Section 5: Conditions of Hindu Marriage
A marriage may be solemnized between any two Hindus, if the following conditions are fulfilled, namely-
i) neither party has a spouse living at the time of the marriage;
ii) at the time of the marriage, neither party-
a) is incapable of giving a valid consent to it in consequence of unsoundness of mind; or
b) though capable of giving a valid consent, has been suffering from mental disorder of such a kind or to such an extent as to be unfit for marriage and the procreation of children; or
c) has been subject to recurrent attacks of insanity;
iii) the bridegroom has completed the age of twenty-one years and the bride, the age of eighteen years at the time of the marriage;
iv) the parties are not within the degrees of prohibited relationship unless the custom or usage governing each of them permits of a marriage between the two;
v) the parties are not sapindas of each other, unless the custom or usage governing each of them permits of a marriage between the two.
The Hindu Marriage Act, 1955 governs the marriage laws for Hindus in India. Section 5 of the Act lays out the conditions that must be met for a marriage to be considered valid under the Act.
First, both parties must be Hindu by religion. This includes those who are Buddhist, Jain, or Sikh by religion, as well as those who are considered Hindu by birth, conversion, or any other means.
Secondly, neither party should have a living spouse at the time of the marriage. This means that the parties must be unmarried or widowed, and any previous marriages must have been dissolved by divorce or annulment.
Thirdly, the parties must not fall within the prohibited degrees of relationship as laid out in the Act. This includes relationships such as father and daughter, mother and son, brother and sister, and others.
Fourthly, the parties must be of sound mind and capable of giving their consent to the marriage. This means that they must be of legal age and not under any coercion or undue influence to enter into the marriage.
Lastly, the parties must not be related to each other by sapinda relationship. Sapinda relationship refers to a relationship by blood, marriage or adoption, within the degrees specified in the Act.
It is important to note that these conditions must be met for a marriage to be considered valid under the Hindu Marriage Act. If any of these conditions are not met, the marriage may be considered void or voidable under the Act.
For example, if either party was under the age of 18 at the time of the marriage, the marriage would be considered voidable under Section 5(iii) of the Act. Similarly, if either party was of unsound mind or unable to give their consent to the marriage, the marriage would be considered voidable under Section 5(iv) of the Act.
In addition to Section 5, the Hindu Marriage Act also lays out various other provisions related to marriage, such as grounds for divorce, maintenance, custody of children, and others. These provisions are intended to ensure the well-being of both parties in the event of a divorce or separation.
It is important to note that the Hindu Marriage Act only applies to Hindus and does not govern marriage laws for other religions in India.
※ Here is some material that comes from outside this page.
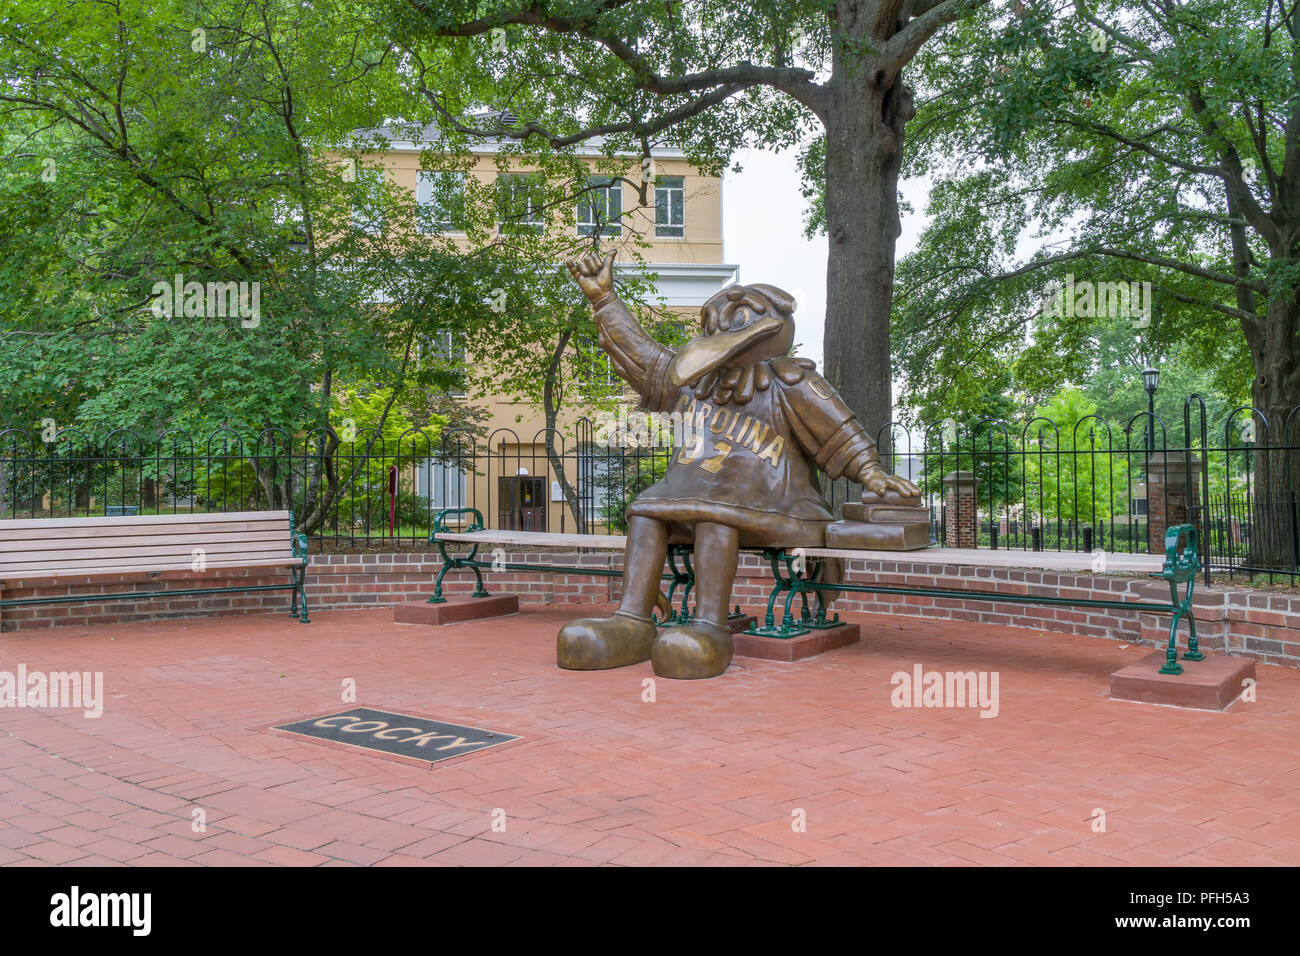 COLUMBIA, SC/USA Juni 5, 2018: Die kampfhahn Maskottchen Statue auf dem Campus der Universität von South Carolina dreist. Stockfoto

Each religion has its own set of laws and customs related to marriage and divorce.
Overall, Section 5 of the Hindu Marriage Act lays out the essential conditions that must be met for a marriage to be considered valid under the Act. These conditions are intended to ensure that the marriage is entered into voluntarily and without any legal or moral impediments. It is important that the parties, society and their legal representative should be aware of these conditions to avoid any kind of legal issues in future.